C'è una ragione anche sulla distribuzione degli straordinari non omogenea: “La Società ha chiesto a tutti i lavoratori di farsi avanti con la nota del 1 marzo 2019 prot. n. 2184 per fare prolungamento orario in caso di necessità - spiega - Ma non tutti i lavoratori sono disponibili a fare prolungamento orario e straordinario. Facile fare il paragone con gli anni passati. Ma tre anni fa il numero dei lavoratori in forza al settore era pari ad oltre 550 dipendenti.  Quest’anno siamo rimasti in 500. Ed i lavoratori con limitazioni e con oltre 62 anni di età? Aumentati. Ad oggi siamo con 100 unità di personale con oltre 60 anni di età. Abbiamo circa 70 unità con varie limitazioni di salute che non consentono di svolgere lavori di spazzamento e raccolta. Circa 10 lavoratori lungodegenti che non vengono in azienda da mesi. E non parliamo delle assenze che ogni giorno si registrano per malattia. Nel solo mesi di maggio 2019, la media di assenza per malattia è stata di quasi 50 dipendenti per giorno, nonostante noi avessimo avviato le procedure per legge per le verifiche medico fiscali. Il 10% della forza lavoro impiegata. Poi va considerato che molti lavoratori svolgono servizi amministrativi ed anche questo incide sulla necessità di lavoratori nei servizi.  Come sia possibile svolgere il servizio in queste situazione sorprende anche noi stessi.

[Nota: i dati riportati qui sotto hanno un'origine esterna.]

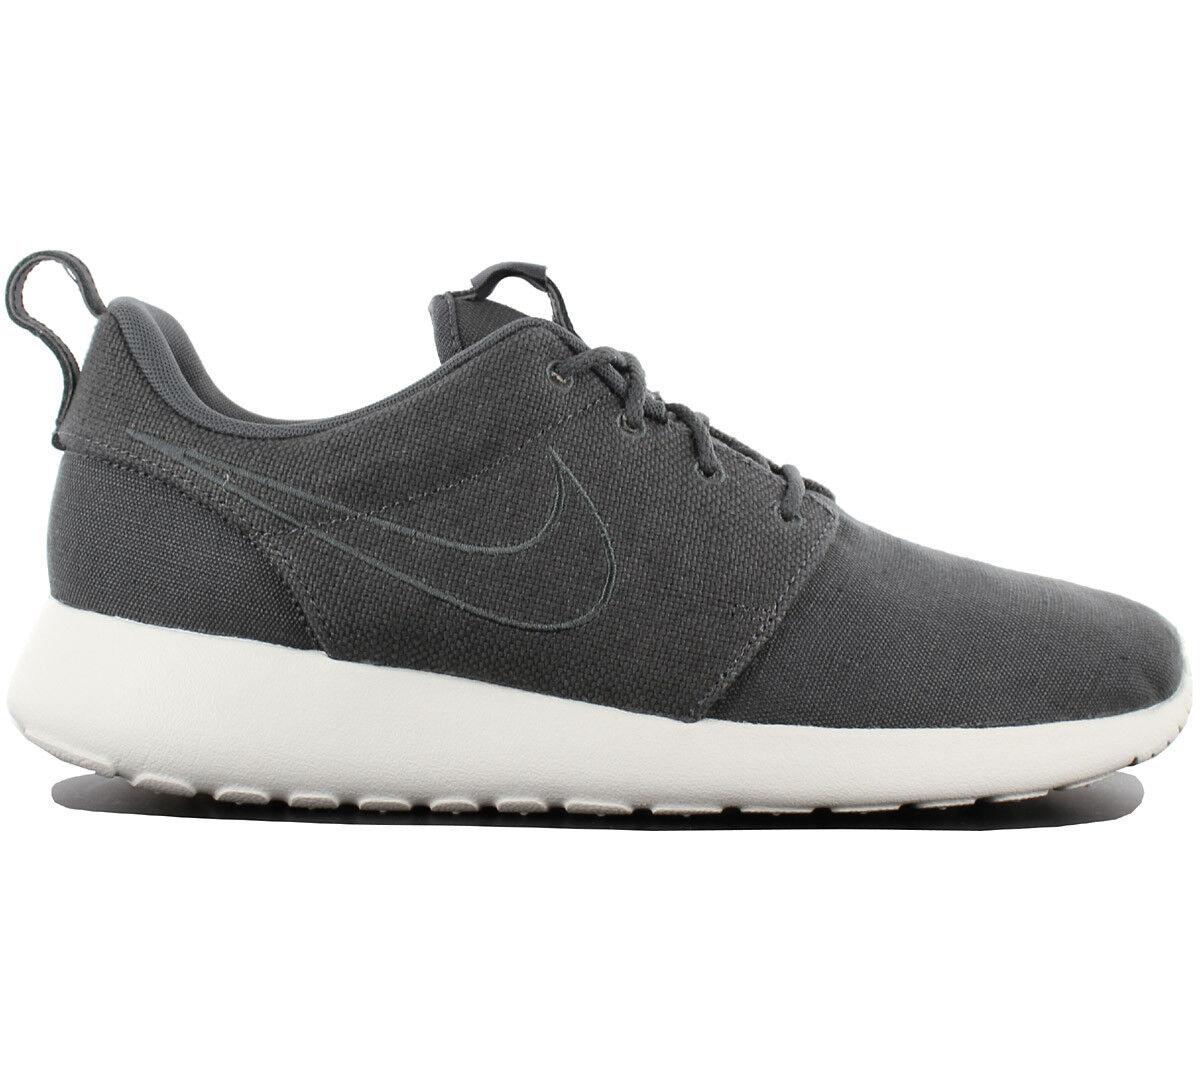 Nike Roshe One Premium Herren Turnschuhe Schuhe Textil Grau Run Two 525234-012 NEU

Torniamo ai dati il numero di ore impiegate in straordinario è certamente elevato ma in linea con quanto sopra descritto e ci teniamo a  specificare che non incide nemmeno per un centesimo sul costo della tariffa perché è già incluso sul costo del personale. Vi è una carenza cronica di personale soprattutto di quello efficiente e 21.000 ore di straordinario equivalgono a 30 unità di personale che effettivamente mancano per la ragioni citate. Per la verità, le unità di lavoro necessarie e mancanti necessarie sono ben più di 30.

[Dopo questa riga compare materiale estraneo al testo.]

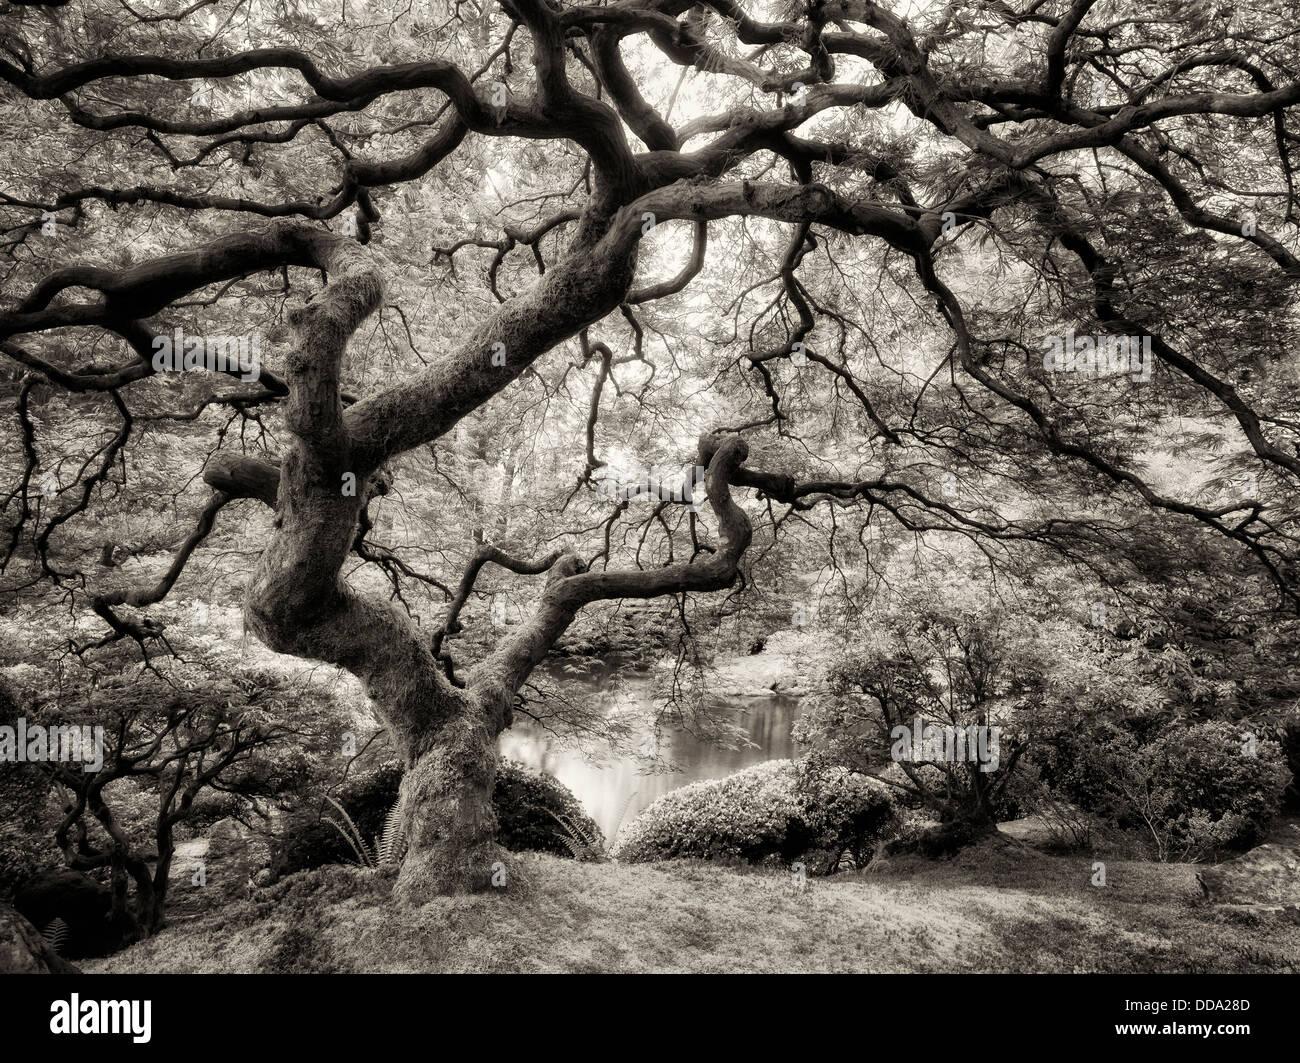 Japanese Maple tree with new growth. Portland Japanese Garden, Oregon - Stock Image

Siamo sicuri che l’azione dell’Azienda è apprezzata dalla stragrande maggioranza dei lavoratori e delle sigle sindacali il cui rapporto è ottimo e di reciproca collaborazione. Non sarà qualche frustrazione o il mancato raggiungimento di qualche posizione personale ad inficiare il lavoro fin qui svolto dai tantissimi che hanno sacrificato anche la famiglia per i risultati raggiunti e che vedranno la loro materializzazione tra breve.  Non si permetterà a nessuno di ‘etero dirigere’ l’azienda come avvenuto in passato. Il tempo dei Direttori Generali “amici” di qualcuno è finito da un pezzo. Bisogna rassegnarsi”.